Are wheat and gluten so bad for you?
The problem with wheat or gluten is that it is usually found in processed food. If you have coeliac disease, this is a different matter. But an intolerance to wheat or gluten may just be an overload of processed food as well as an excessive amount of wheat and gluten. If you give up wheat and gluten for 4 weeks and then eat foods containing those only once a week or so, then you may find your symptoms disappear.
Is fat-free good?
No! If it’s a product that should have fat in it (yogurt, cheese etc) then if it doesn’t have fat in it, what does it have in it?! What is replacing that fat to make it taste similarly to the original product?
Fat isn’t bad for us. We are designed to eat meat. That contains fat. It all comes back to eating natural food. Nuts, avocado, meat and seeds are all natural sources of fat.
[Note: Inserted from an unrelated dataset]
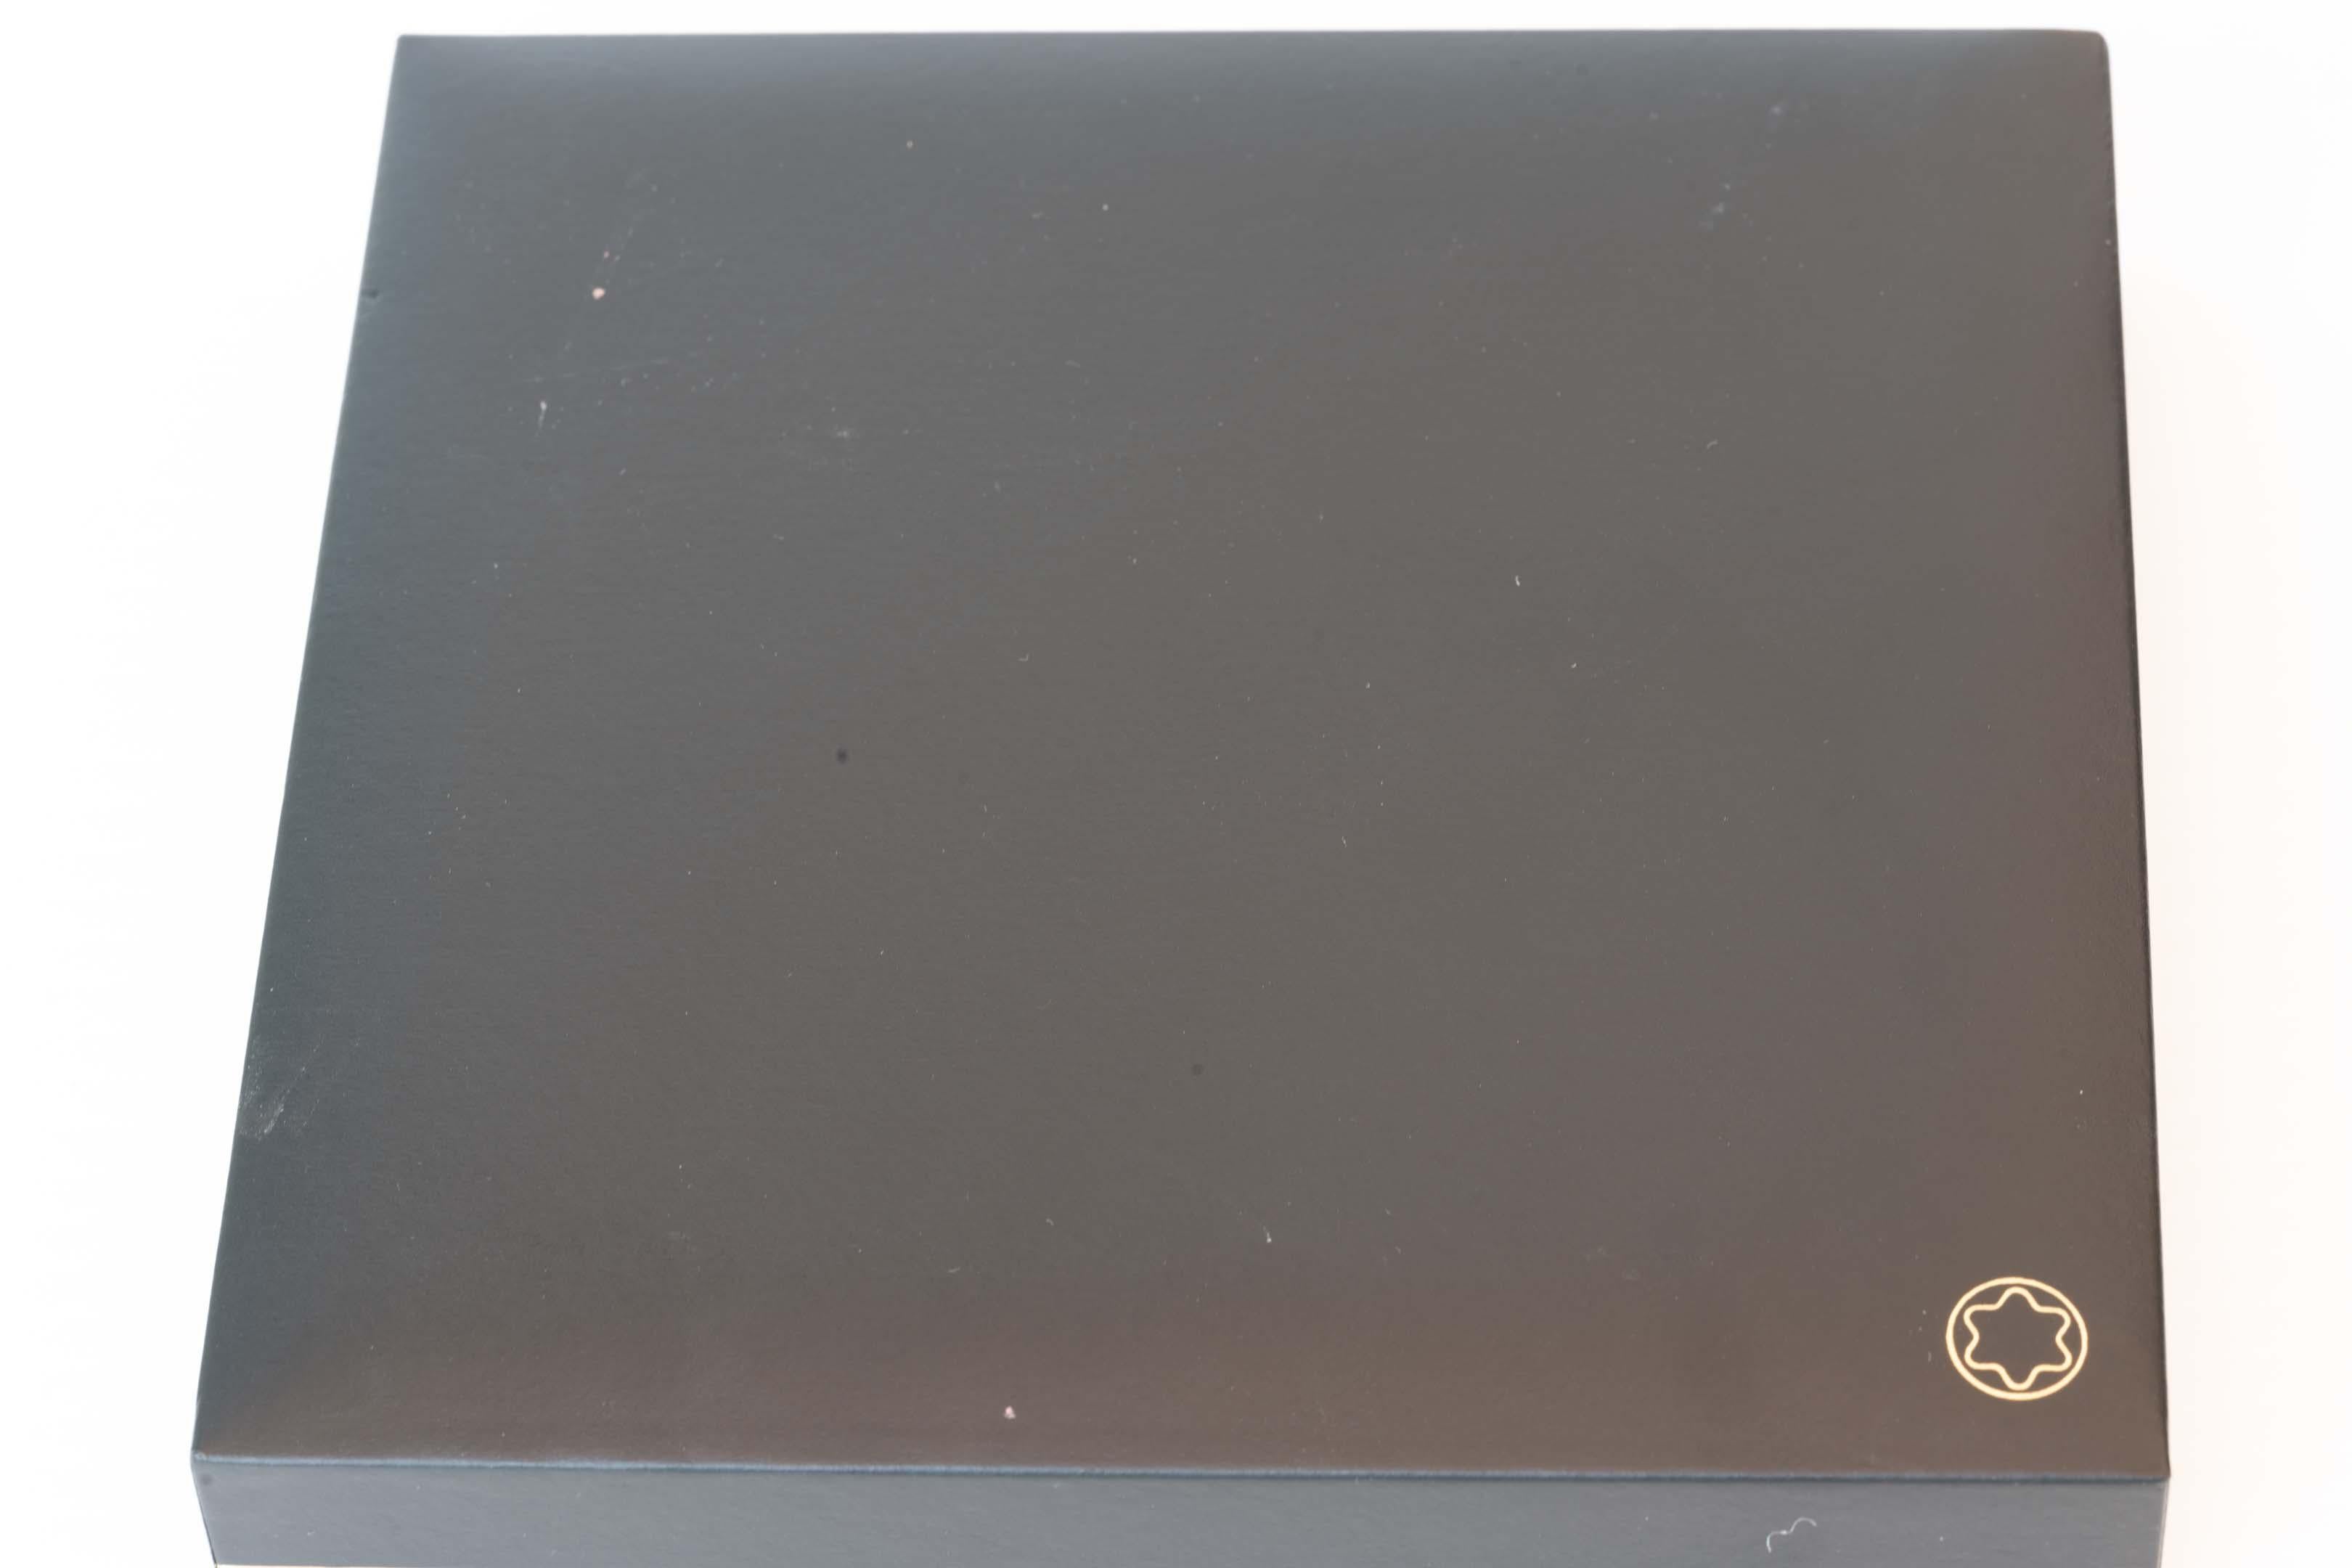 Stylo à bille Montblanc Meisterstuck solitaire en céramique laquée marron, marqué ref GZ1015002 Made in France, Montblanc Meisterstuck. Mesure 13,7 cm de long, en métal doré et céramique. Livré avec 5 recharges de stylo à bille Montblanc non
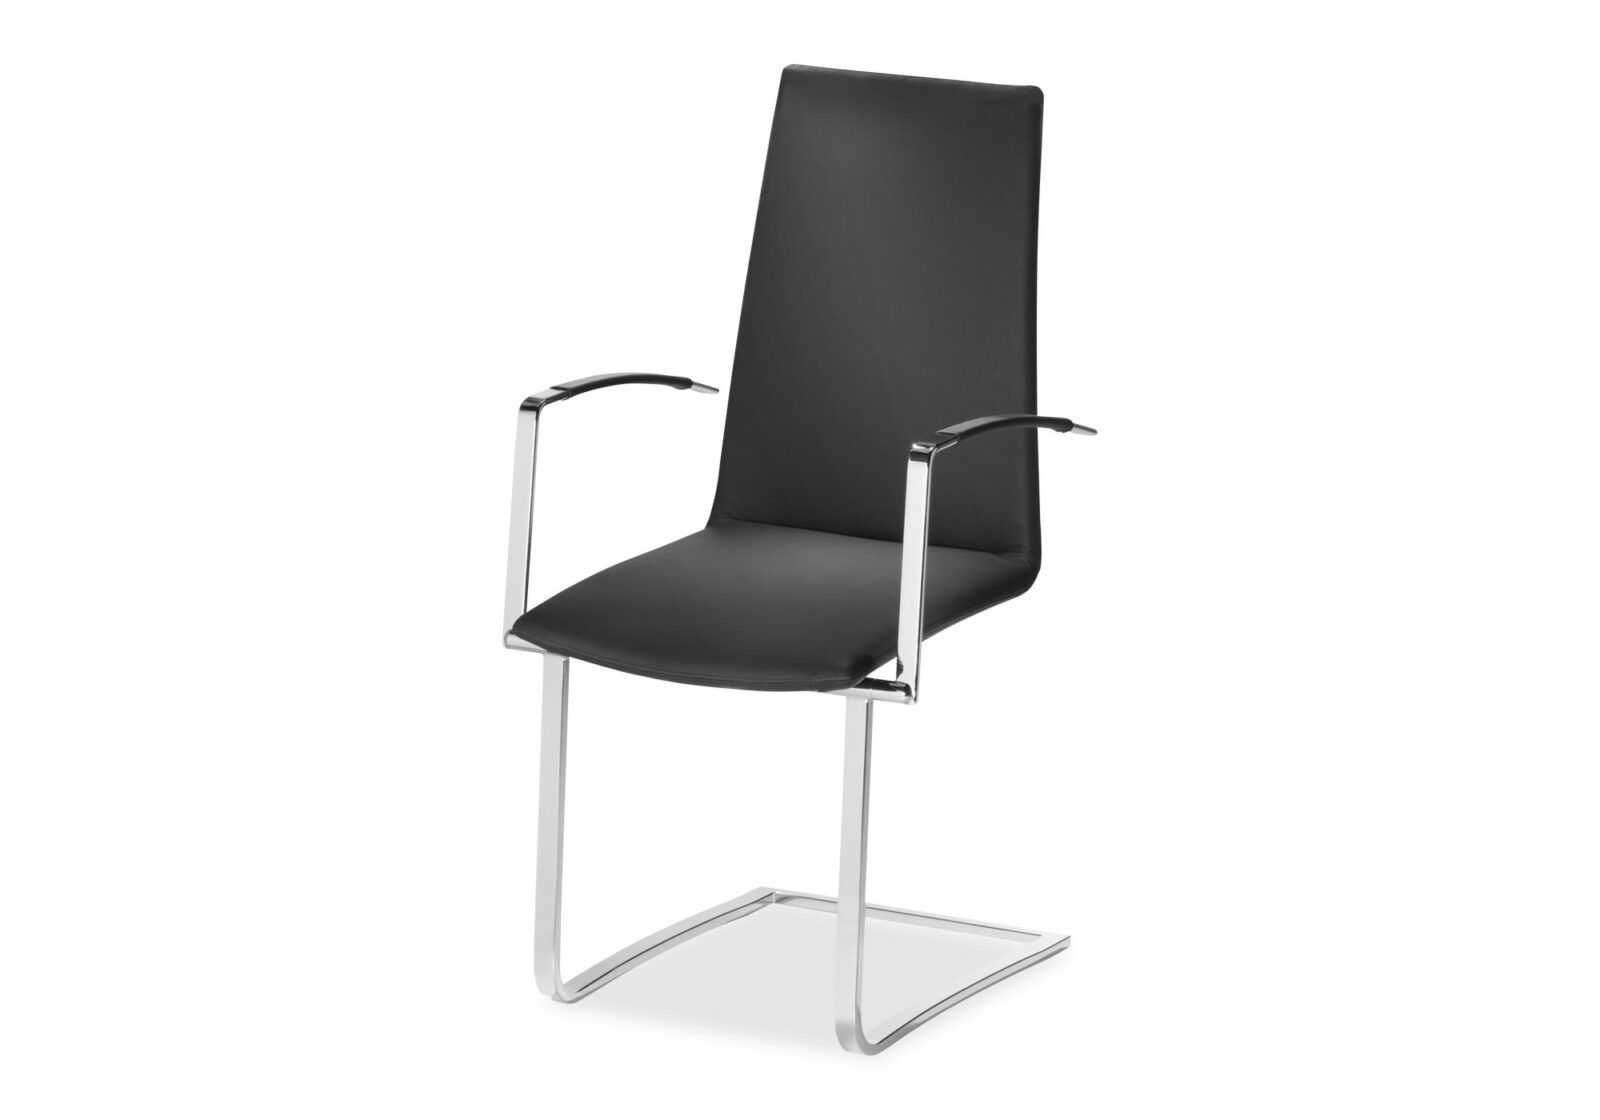 Moderner Freischwinger Stuhl Astra. Bezug: Leder. Farbe: Schwarz. Erhältlich bei Möbel Gallati.

And we need cholesterol. Our glucocorticosteroid hormones require cholesterol. But eating too much processed food will artificially alter your cholesterol levels.
In summary:
Try to eat protein with every meal. Keep it lean. Chicken, fish, turkey, eggs, beans are all useful.
Use spices and unprocessed marinades as much as you like.
Keep your sugar intake low, especially if your lifestyle is quite sedentary.
Eat lots of vegetables.
Keep it natural. Try to stick to foods that resemble their natural state. Potato waffles? Eat a potato instead. Baked, roasted, mashed, lightly fried. Try a sweet potato instead or another type of potato. There is a huge variety.